Adaptation to concept drifts. In this experiment we test whether temporal PageRank is adaptive to concept drifts. We start with a temporal network sampled from some static network \(G_s ^1=(V,E_s,w _1)\). After sampling m temporal edges \(E _1\), we change the weights of the static graph and sample another m temporal edges \(E _2\) from \(G_s ^2=(V,E_s,w _2)\). A final sequence of m edges \(E _3\) is sampled from \(G_s ^3=(V,E_s,w _3)\). We run our algorithm on the concatenated sequence \(E =\langle E _1,E _2,E _3\rangle \), without a priori personalization. On Figure 5 we report correlation with the corresponding ground-truth static PageRank. The transition probability \(\beta \) is set to 0.5. In all cases, temporal PageRank is able to adapt to the changing distribution quite fast. Note however, that the previous history is not completely eliminated and for each change of the distribution an increasing number of edges is required to reach a certain correlation level.

Random scans. In the last experiment, given a static graph \(G_s =(V,E_s,w)\) we generate a sequence of temporal \(E\) by scanning the edges \(E_s\) in random order several times. Figure 6 shows that as the number of scans increasing, our estimate for temporal PageRank converges to the static PageRank of the graph. We see that the correlation obtains high values even after a few (around 10) scans. This experiments suggests a very simple and efficient algorithm to compute the static PageRank of a graph, by running our algorithm on a small number of linear scans (randomly ordered) on the graph edges.

5 Related Work

PageRank is one of the most popular measures for ranking the nodes of a network according to their importance.
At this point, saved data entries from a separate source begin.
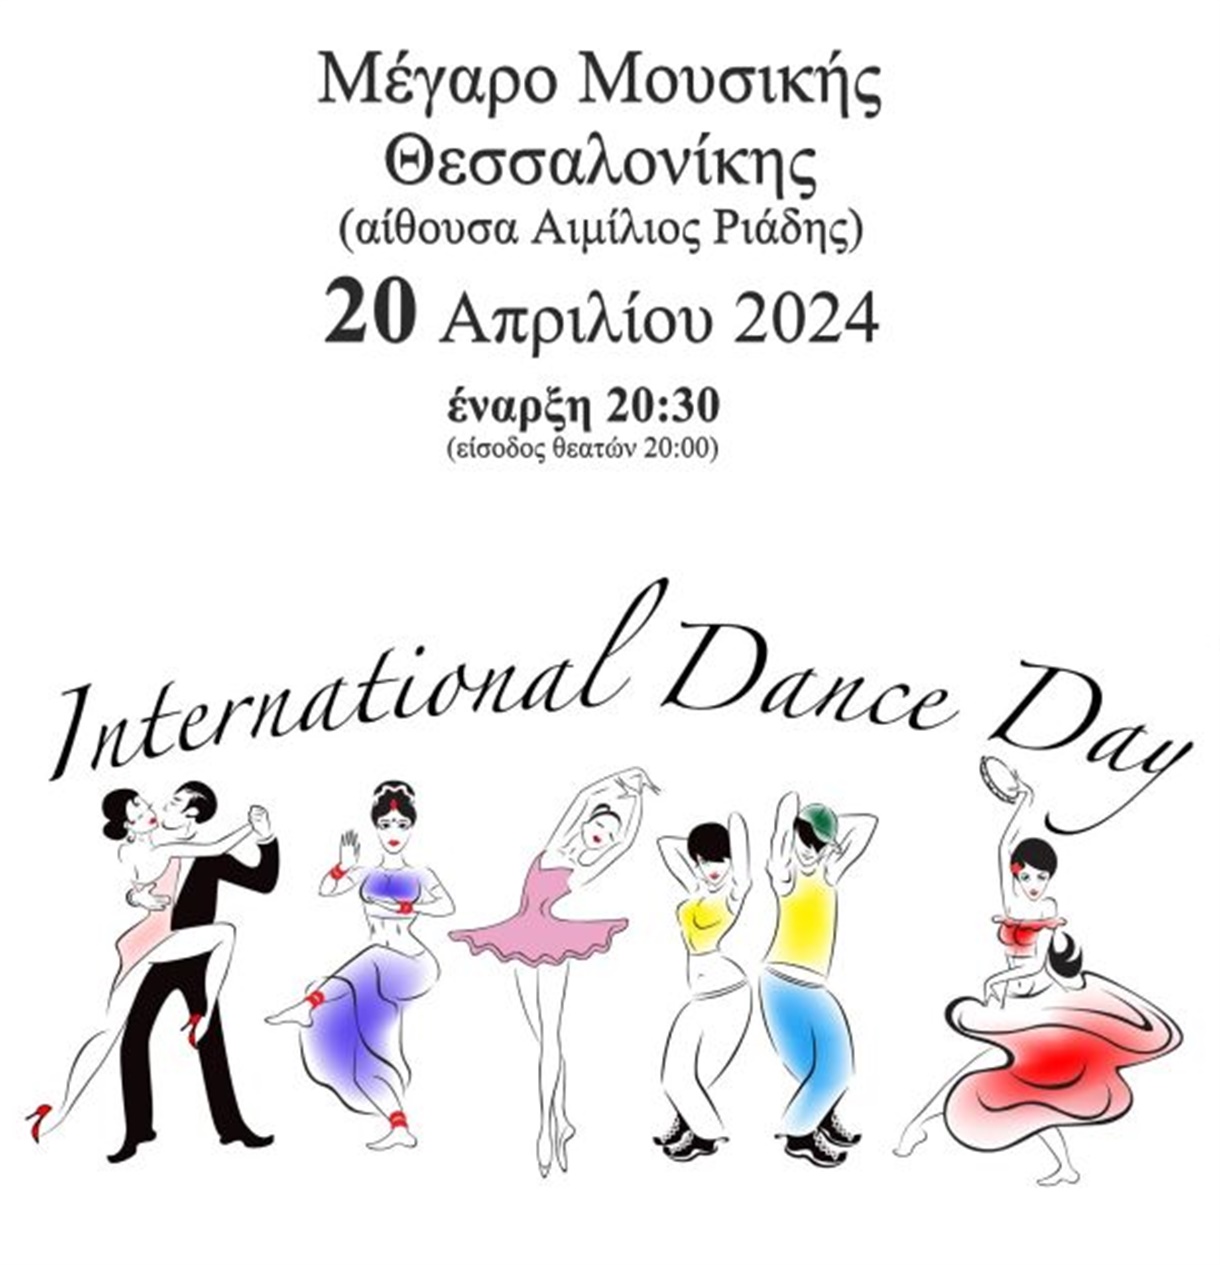 INTERNATIONAL DAY OF DANCE
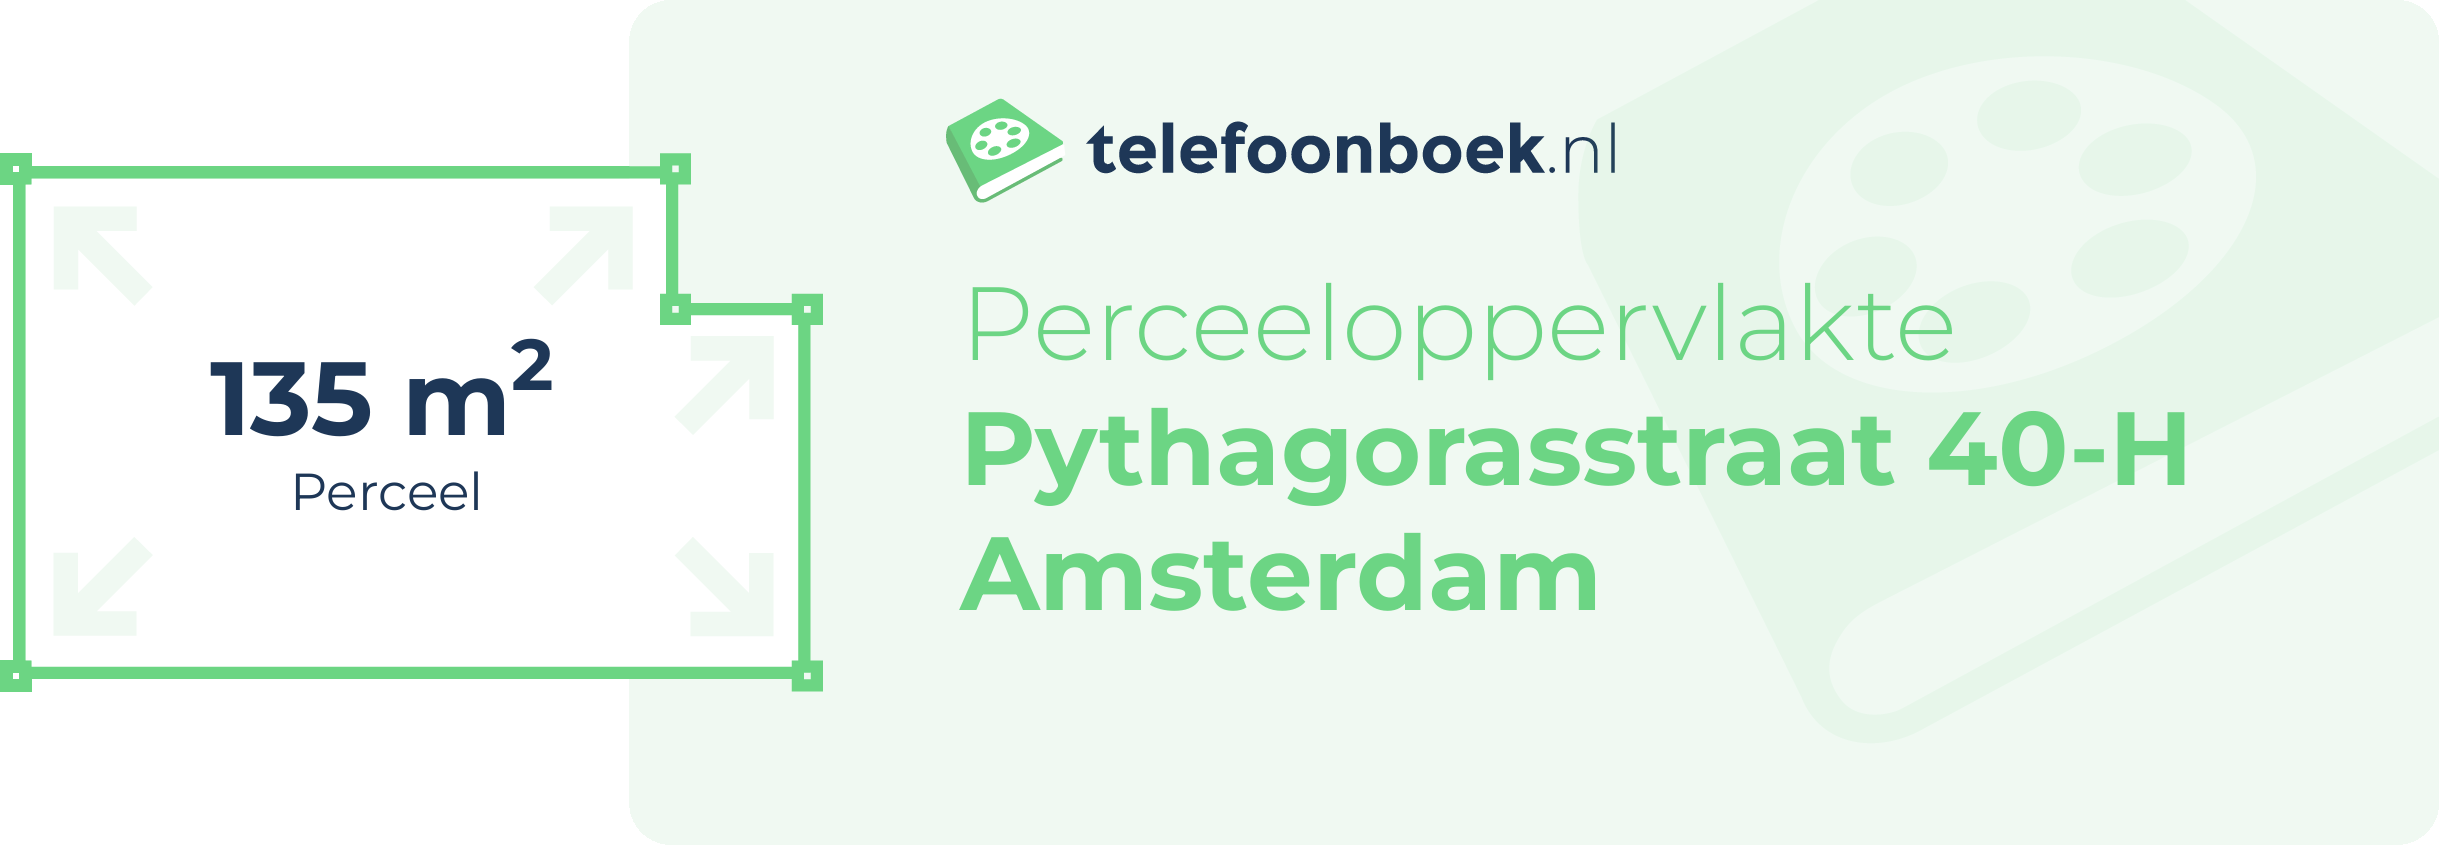 Perceeloppervlakte Pythagorasstraat 40-H Amsterdam
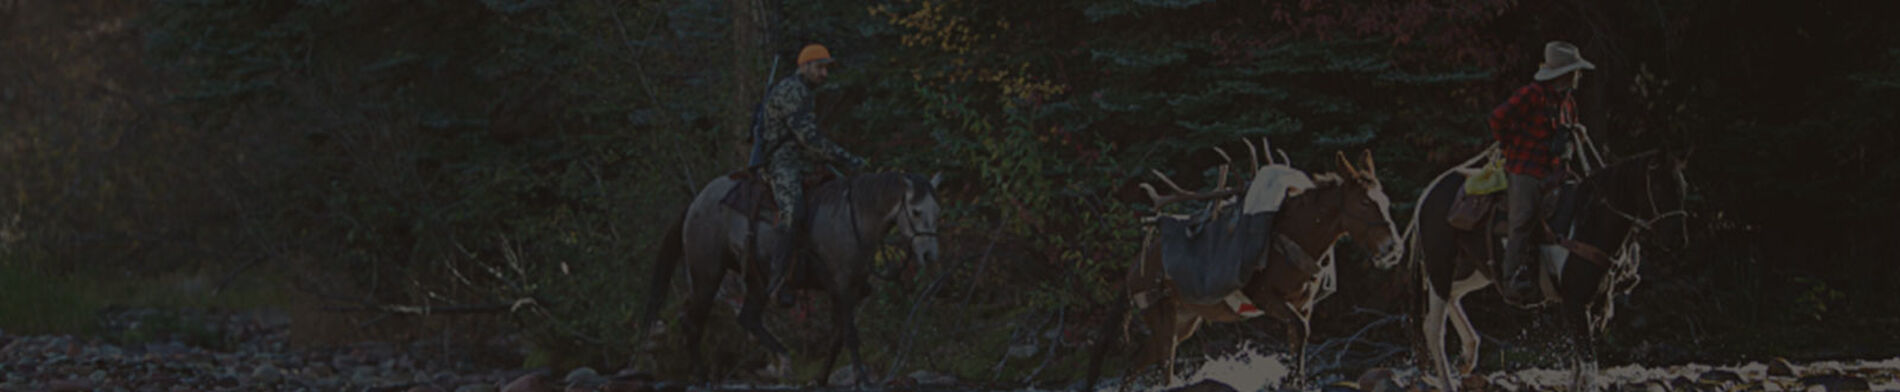 Hunters on Horseback
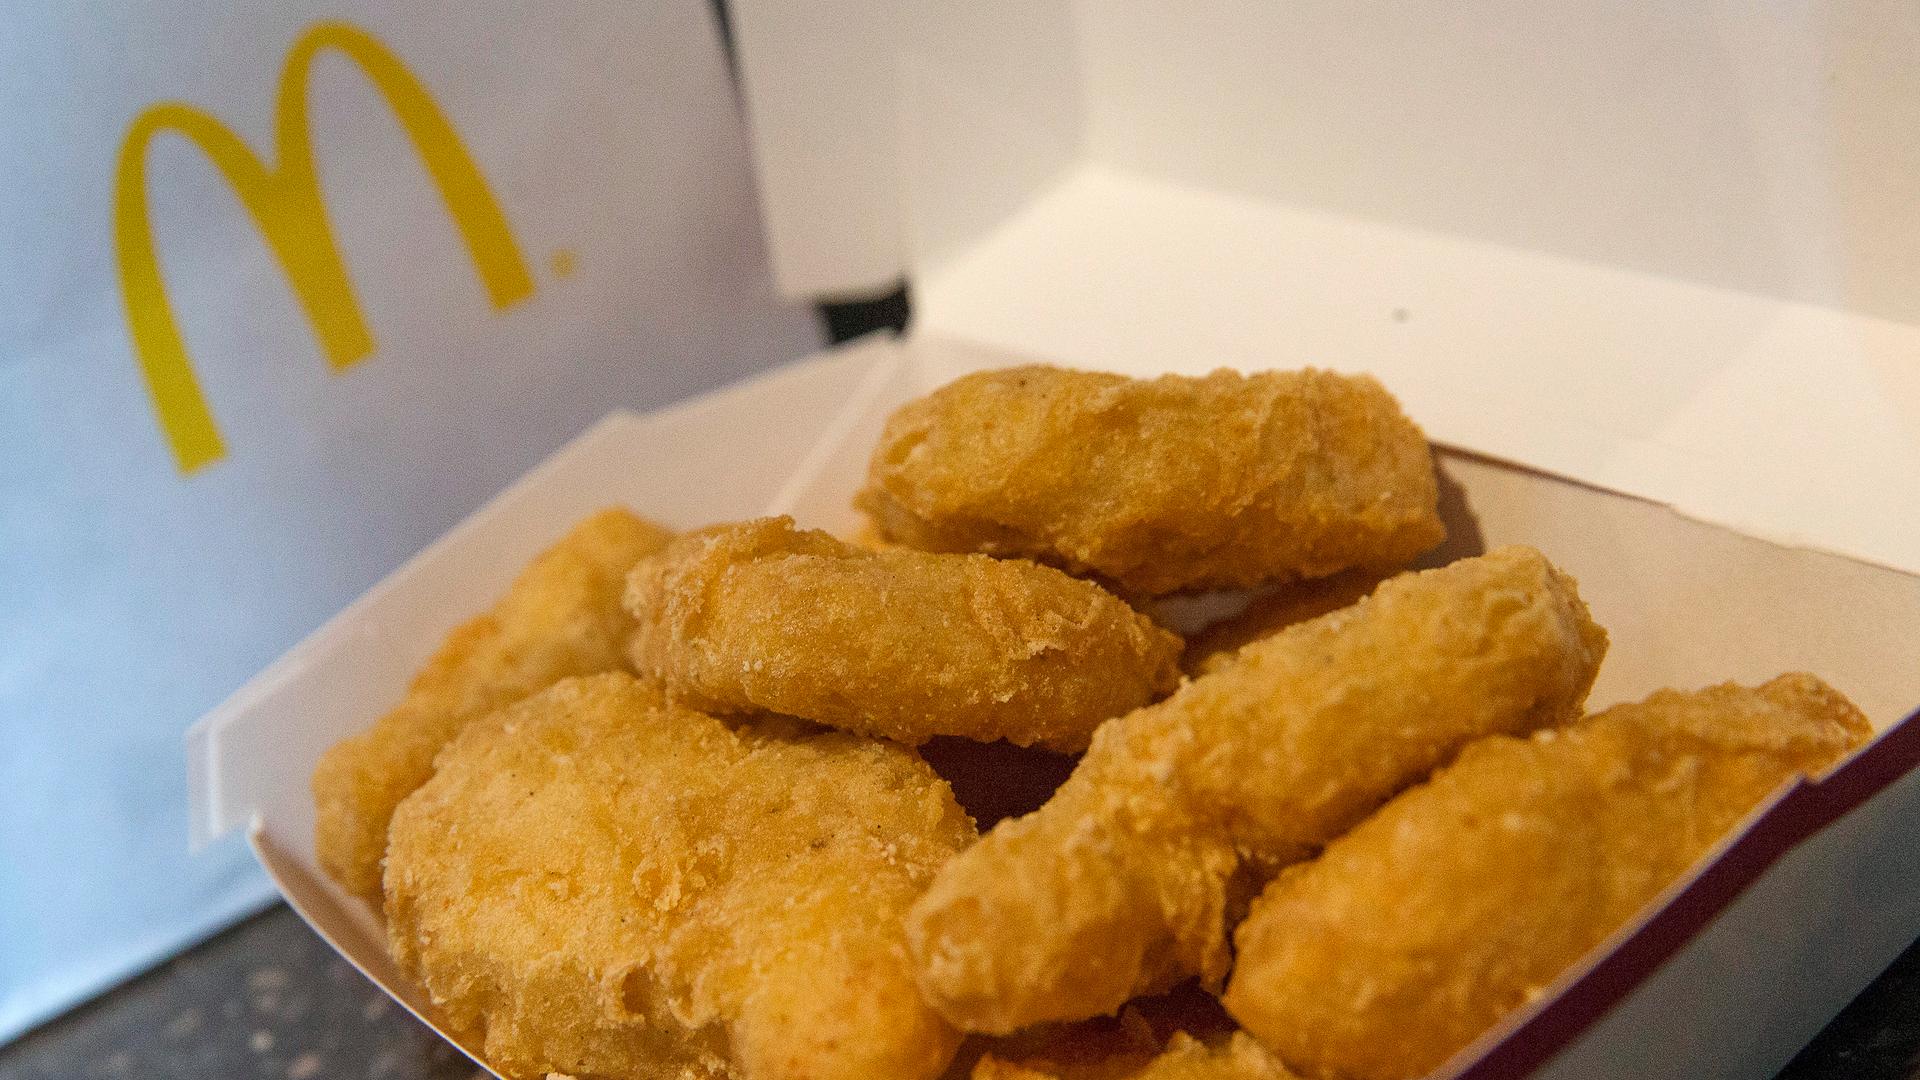 A McDonald's 10 piece chicken McNuggets.
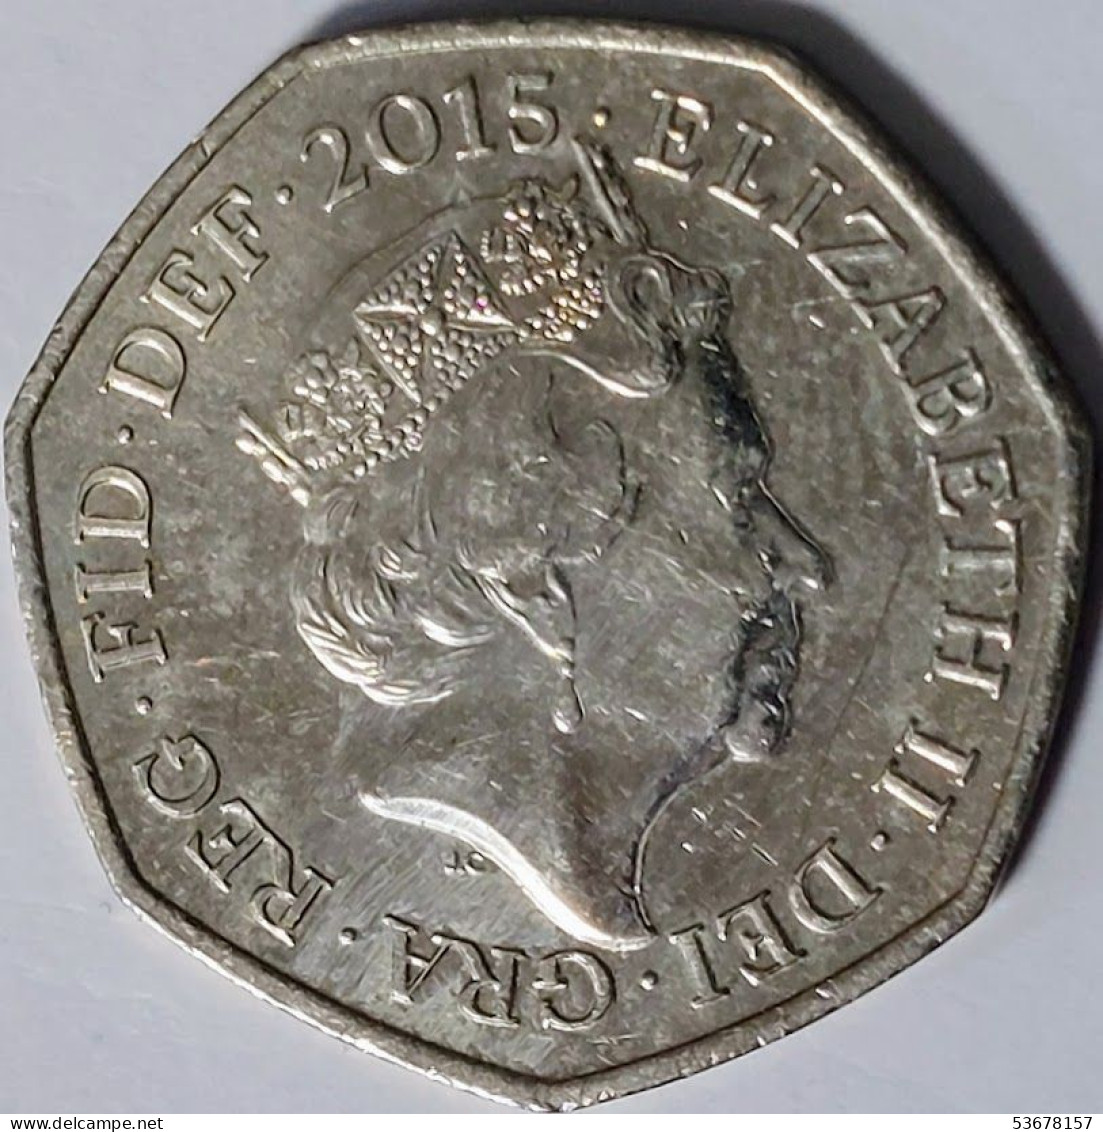 Great Britain - 50 Pence 2015, KM# 1337 (#2050) - 50 Pence
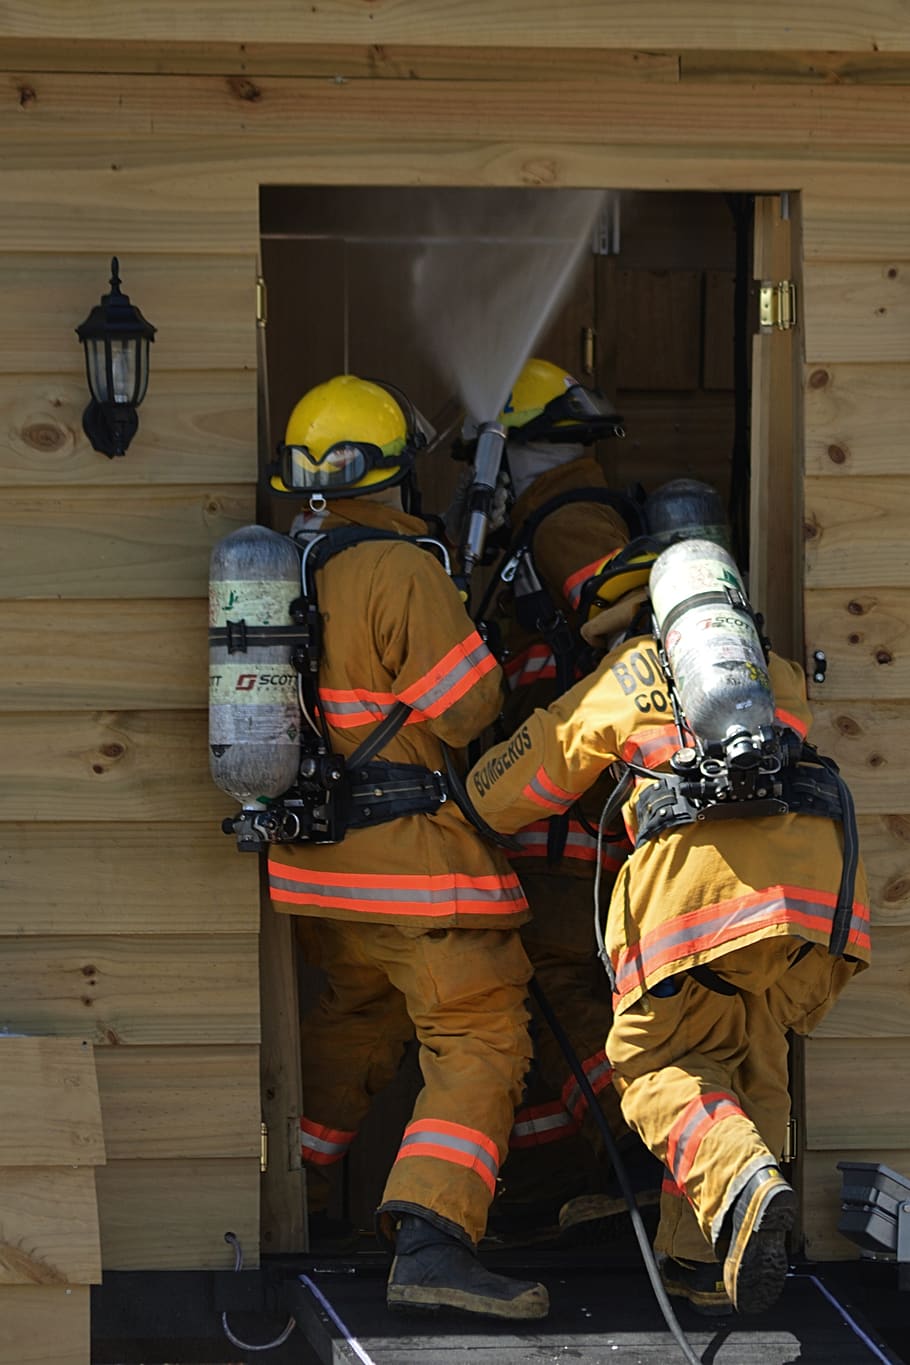 bombero, trabajo, fuego, equipo, protección, casco, servicio, peligro, vivir, capacitación

The original idea was introduced by Page and Brin [20] for application to web search, and since then it is widely used as a graph-mining tool. As the size of typical networks has increased significantly over the last years, and as networks tend to grow and evolve fast, research on designing scalable algorithms for computing PageRank is still active [16].

A different line of research is dedicated to efficient approaches for updating PageRank in dynamic and/or online scenarios [4, 5, 12, 19, 22]. The term “dynamic” is typically used to refer to the model of edge additions and deletions. However, we discussed in the introduction, even in these dynamic settings PageRank is defined as a stationary distribution over a static graph (the current graph). Another research direction uses temporal information to calculate weights of edges of a static graph [10, 17].

On the contrary, temporal PageRank intends to capture the continuous interaction between individuals. Temporal PageRank is defined over temporal networks [9, 18], where each edge has an associated time-stamp recording an interaction at that point. To our knowledge there is no published work, which considers temporal generalization of PageRank. The closest work is dedicated to Bonacich’s centrality [15]. It focuses on empirical study of a citation network with coarse snapshots, aggregated over a year. In contrast, we are interested in theoretical relation between temporal and static PageRanks and test our methods on several networks with fine granularity.

The static Pagerank definition has multiple interpretations, extensively discussed in a survey by Langville et al. [14]. Our definition of temporal PageRank has a random walk-based interpretation inspired by the one given for static PageRank [3]. Methodologically, the closest papers to our work, are Monte-Carlo simulation algorithms [2] and PageRank calculation by local updates [1, 7].

6 Concluding Remarks

We proposed a generalization of static PageRank for the case of temporal networks. The novelty of our approach relies on the fact that we explicitly take into account the exact time that nodes interact, which leads to more accurate ranking. The main feature of the generalization is that it takes into account structural network changes, and models the fact that the importance of nodes may change during the lifetime of the network, according to changes in the distribution of edges. Additionally, we showed that if the distribution of edges remains stable, the temporal PageRank converges to the static PageRank. We provided an efficient algorithm to calculate temporal PageRank and demonstrated its quality and convergence rate through multiple experiments on diverse datasets.